Minister of Education of the Republic of Azerbaijan
- In office 2 September 1993 – 13 September 1997
- President: Heydar Aliyev
- Preceded by: Firudin Calilov
- Succeeded by: Misir Mardanov

Minister of Social Security of Azerbaijan SSR
- In office 1988–1992

Member of the Soviet of the Union
- In office 1989–1991

Member of the Soviet of Nationalities for Nagorno-Karabakh Autonomous Oblast
- In office 1984–1989

Personal details
- Born: 4 December 1941 Baku, Azerbaijan SSR, Soviet Union
- Died: 5 February 2012 (age 70) Baku, Republic of Azerbaijan

= Lidiya Rasulova =

Azerbaijani politician (1941–2012)

Lidiya Khudat gizi Rasulova, (Lidiya Xudat qızı Rəsulova; 4 December 1941 – 5 February 2012), was an Azerbaijani politician.

Lidiya Rasulova was born in Baku on 4 December 1941. After graduating from high school, she studied at the Institute of Pedagogical Languages of Azerbaijan between 1959 and 1965.

Began her work in 1958 in educational establishments in Baku, and worked in different positions in youth organizations, parties and Soviet organizations between 1962 and 1981, becoming the president of the Council of Trade Unions of the Azerbaijani since 1981 until 1988.

In 1984 was elected member of the Soviet of Nationalities.

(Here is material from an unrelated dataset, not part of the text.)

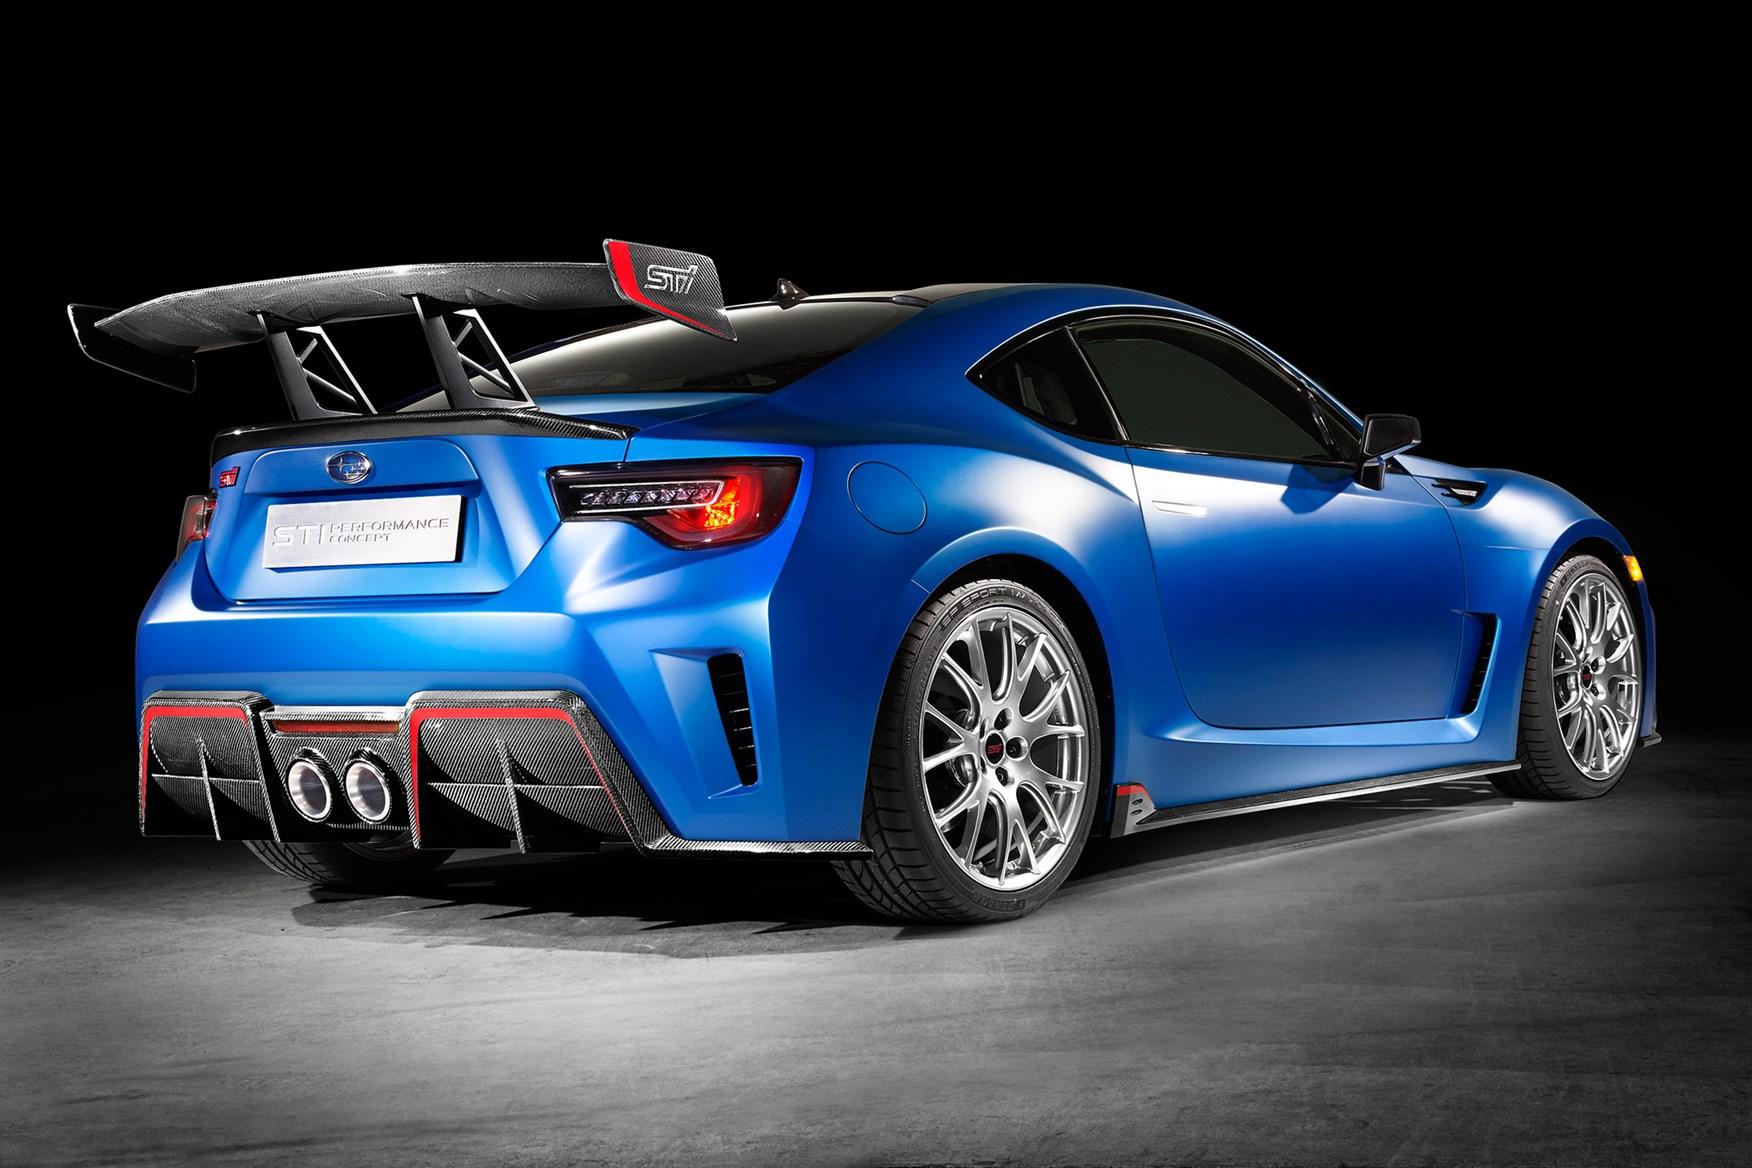 Meet The 300bhp Subaru Brz

She was also member of the Soviet of the Union, between 1989 and 1991.

Was named Minister of Social Security of Azerbaijan SSR in 1988, holding office until 1992, witnessing the dissolution of the Soviet Union and the independence of Azerbaijan.

Heydar Aliyev appointed her as Minister of Education of the Republic of Azerbaijan on 2 September 1993, until her resignation due to health problems on 13 September 1997. Continued her pedagogical activity and participated in the process of training highly qualified personnel in higher education institutions.

Lidiya Rasulova has a unique role in improving the work of the Azerbaijani trade unions, strengthening their material and technical base, as well as expanding the network of recreation and treatment facilities in Azerbaijan. The creation of rehabilitation centers for people with disabilities in the republic was possible thanks to its direct initiative and organizational capacity. Also contributed to the improvement of the educational system in Azerbaijan and the establishment of her work in line with the demands of the era in the new socio-political conditions.

The work of Lidiya Rasulova was very appreciated by the state and received many orders and medals, including the order of Glory from the Republic of Azerbaijan in 1997 for her active participation in the construction of the state.

Being a famous public figure, Rasulova died on 5 February 2012.